А на другом конце города, в темном доме за высоким забором, при карманном фонарике на кухне было совсем другое «светопредставление» и совсем другой супружеский разговор. Илья Ильич Костоглазов, явившийся домой со службы тоже поздно, потрясал этим самым зажатым в кулаке фонариком, направляя его то в лицо жены Марины Андреевны, то на разбросанные веером по столешнице фотографии.
– Дура! Да ты понимаешь, что ты наделала с этими своими идиотками? – орал он. – Это ж надо, нашли себе занятие – спиритизм, дьяволопоклонство! Ты соображаешь, что это означает для этого города? Он и так уже с вывихнутым мозгом, этот город, вот уже пятнадцать лет, да еще вы со своими сборищами тайными! Эти снимки – компромат, и еще какой. Получи они огласку, знаешь, что будет? Ах, ты не знаешь, даже не догадываешься? Дура набитая!
– Прекрати на меня орать. – Марина Андреевна, до этого молчавшая, тоже повысила голос. – И отверни фонарь, не на допросе! Привык там у себя.
– Что? Что ты сказала? Дармоедка! Я работаю как вол, обеспечиваю тебя, кормлю, а ты вместо благодарности мне такие вот подлянки устраиваешь? Я из-за тебя, из-за этих вот твоих фокусов спиритических сегодня нарушил служебный долг. Понимаешь ты это? Вынужден был отпустить опасного подозреваемого, который, возможно, виновен…
– Германа Либлинга, брата Кассиопеи? – спросила Марина Андреевна, помня, как у нее на глазах Либлинга вытащили из салона и затолкали в милицейскую машину.
– Я нарушил свой долг, – Костоглазов потряс фонарем у нее перед носом. – Я вынужден был отступить от правил, от закона. И все из-за твоего идиотизма! Ты сейчас же расскажешь мне всю правду – чем вы там занимались в этом салоне с женой Шубина, его секретаршей и эти двумя сучками. Если об этом узнают в городе, то… Тут и так уже котел закипает, да еще это добавится. Ты сейчас же расскажешь мне все, слышишь, ты?
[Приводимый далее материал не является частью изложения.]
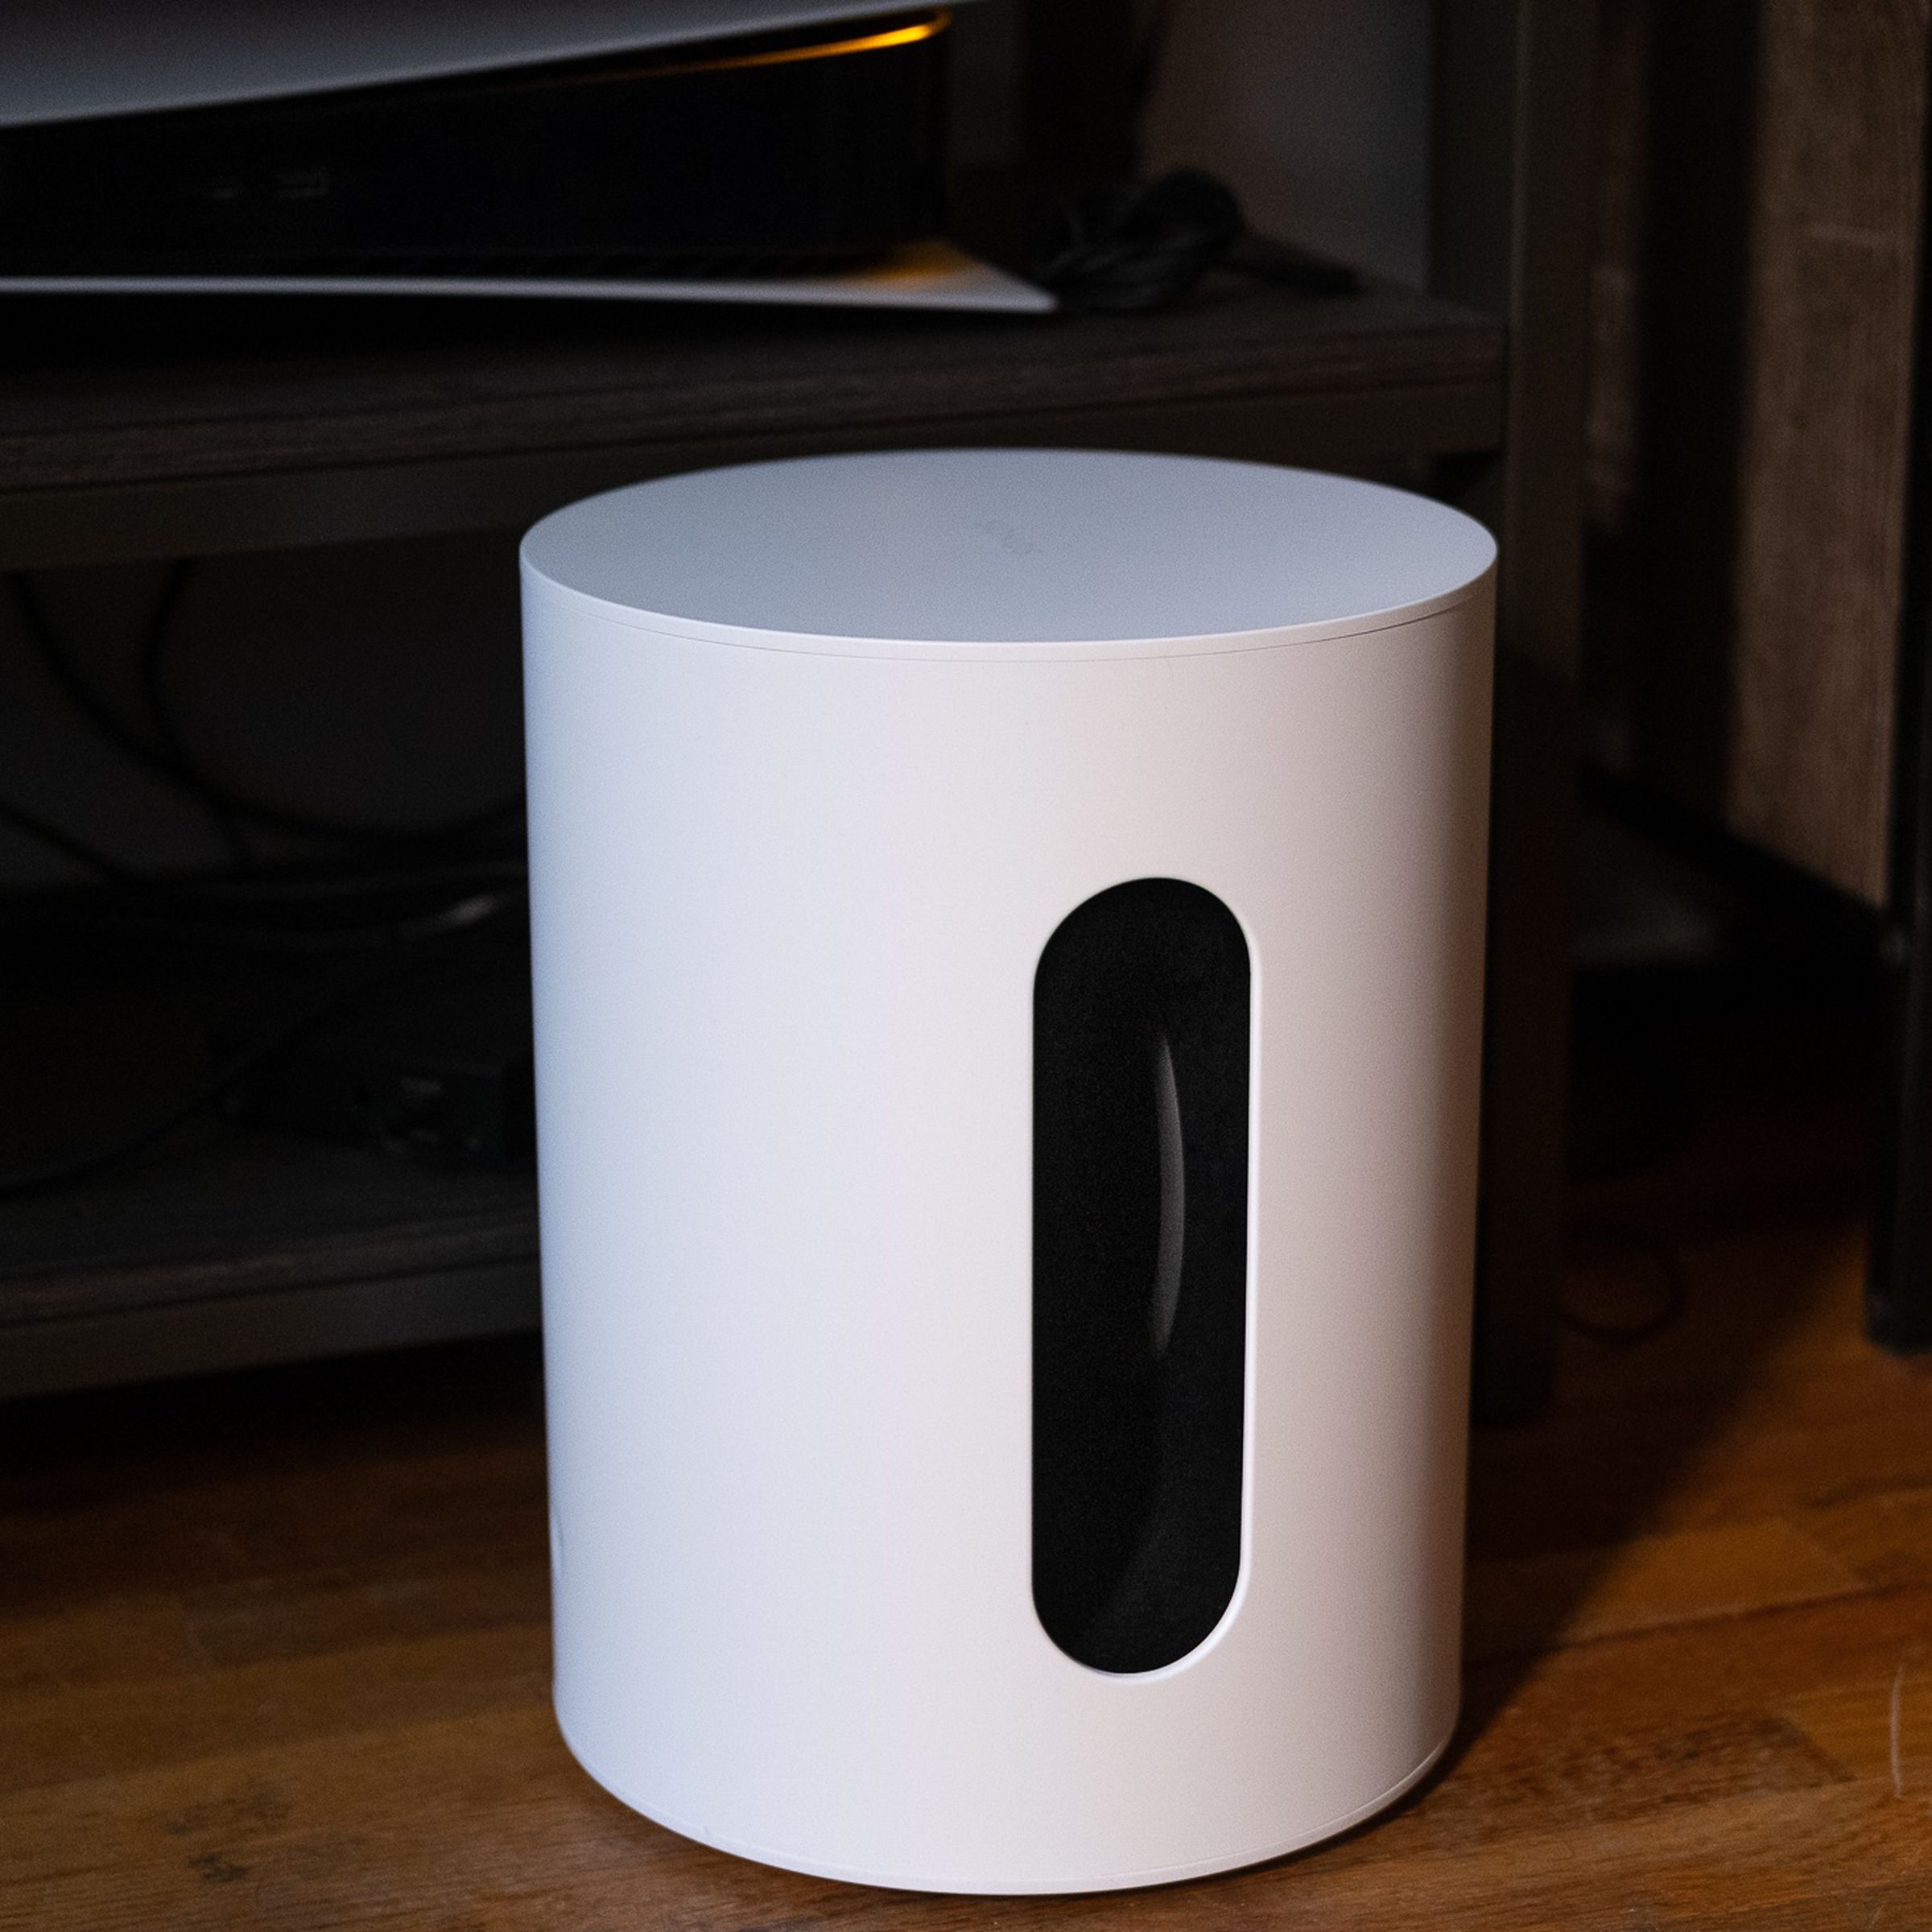 An image of the Sonos Sub Mini pictured on the floor with a TV stand and various components behind it.

– Может, прикажешь письменные показания дать под присягой? – насмешливо спросила Марина Андреевна.
– Ты как разговариваешь? Как ты смеешь со мной так разговаривать, дрянь, дармоедка? – Костоглазов в ярости хотел было швырнуть на пол фонарик, но пожалел и схватил первое, что попалось ему на глаза, – белое фарфоровое блюдце, стоявшее на кухонной стойке.
Он хлопнул его об пол. Бац! – белые осколки разлетелись по кухне. И что-то словно лопнуло, разлетелось на куски, на осколки, на брызги в самой Марине Андреевне. Она почувствовала, что хочет ответить ему, что не боится и не может, не в состоянии больше терпеть.
– Молчать! – крикнула она так, что стекла в окнах дрогнули. – Заткнись ты, придурок вшивый, или… я тебя сейчас убью!
Костоглазов шагнул к ней, но, увидев ее лицо, ее глаза, слепые от ненависти, замер на месте.
Свет дали утром, но Костоглазовым это было уже до лампочки. Илья Ильич, шарахнув входной дверью на прощанье, убыл на службу. Он и прежде дезертировал с семейных фронтов. В этот день у него было много дел: местные оперативники разыскали всех клиентов магазина на площади – городских пьяниц – и должны были свезти их в прокуратуру для допросов и очных ставок, чтобы попытаться изобличить убийцу Натальи Куприяновой непосредственно в их антиобщественной маргинальной среде. После бесстыдного шантажа с компрометирующими фотографиями со стороны Германа Либлинга это было пока единственное, что можно было предпринять, – так считал разозленный, раздосадованный Илья Ильич.